====== Available data

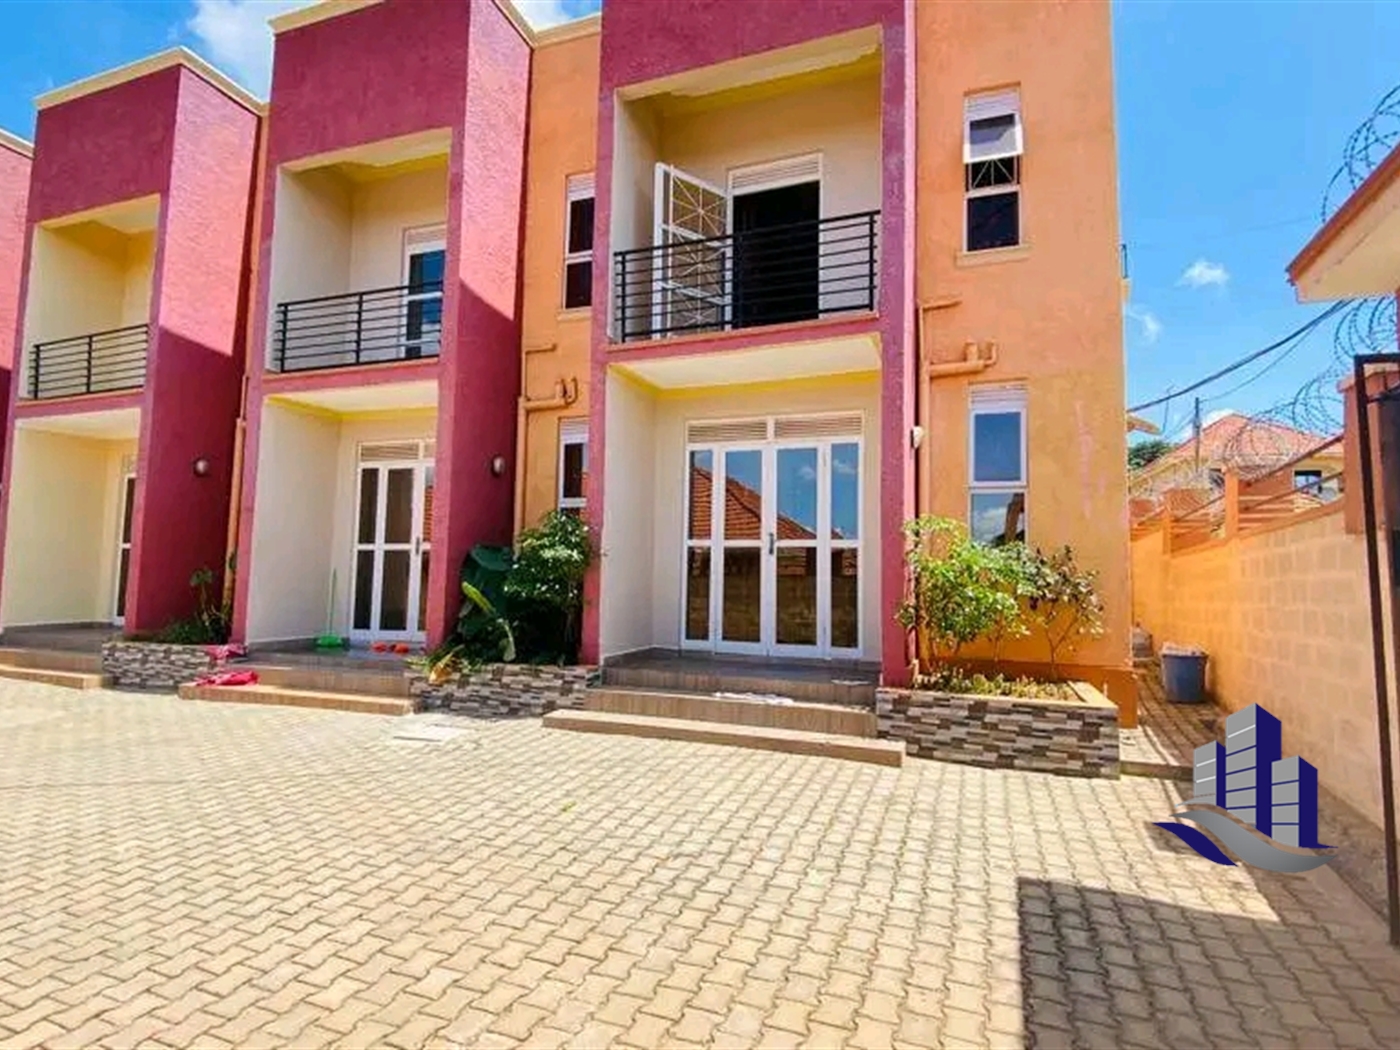 Apartment block for sale in Bukasa Kampala
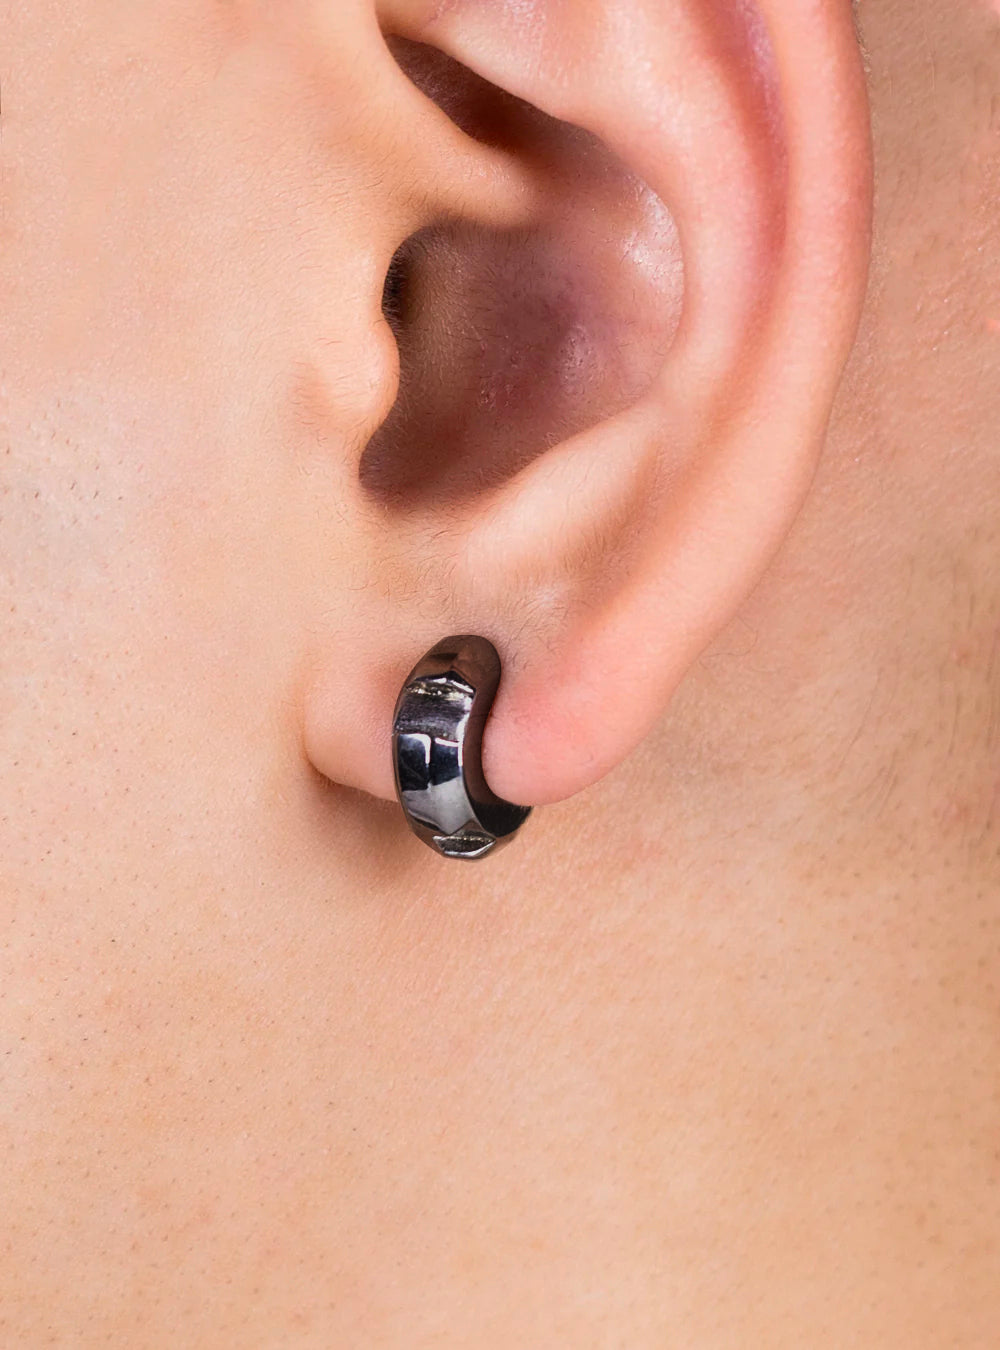 Chuck-nut huggie earrings
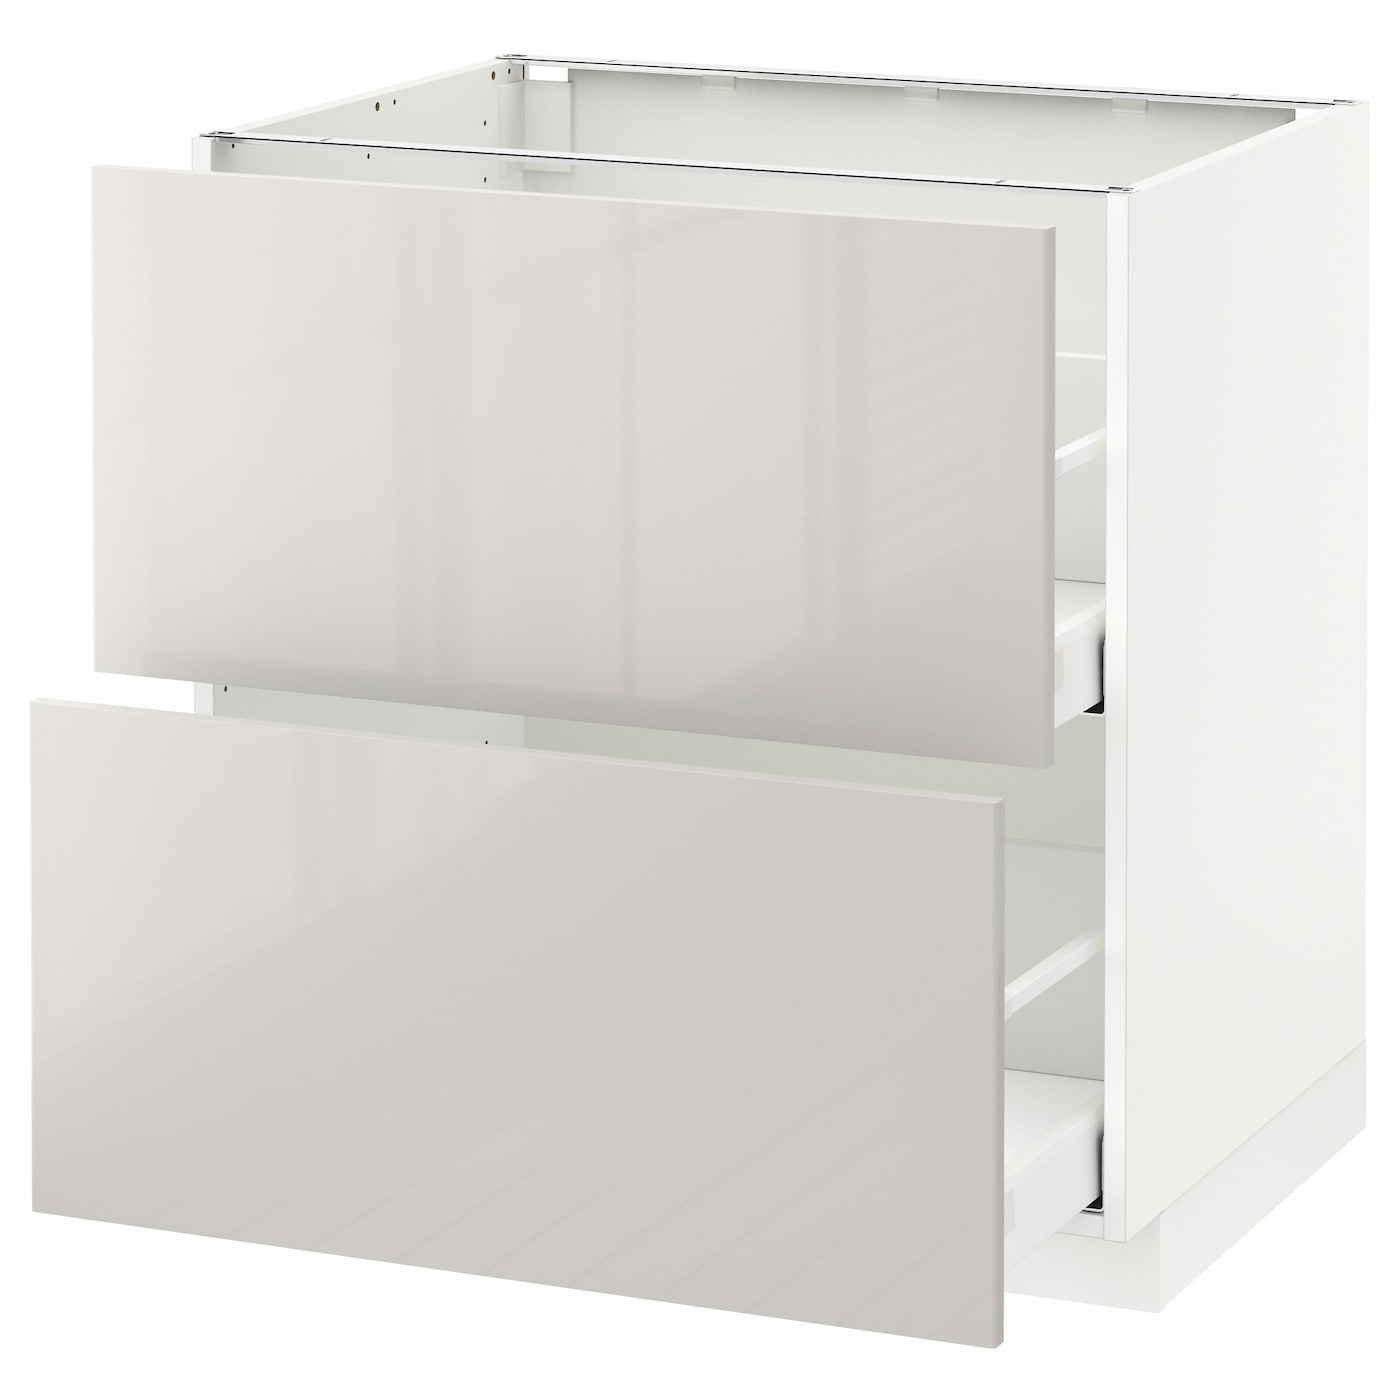 Напольный кухонный шкаф  - IKEA METOD MAXIMERA, 88x62x80см, белый/светло-серый, МЕТОД МАКСИМЕРА ИКЕА

============

Exercise instructions
Write out the lines of the material from the one containing "Chuck-nut huggie earrings" through the last, exactly and only those. Leave every picture out.

Exercise response
 Chuck-nut huggie earrings
 Напольный кухонный шкаф  - IKEA METOD MAXIMERA, 88x62x80см, белый/светло-серый, МЕТОД МАКСИМЕРА ИКЕА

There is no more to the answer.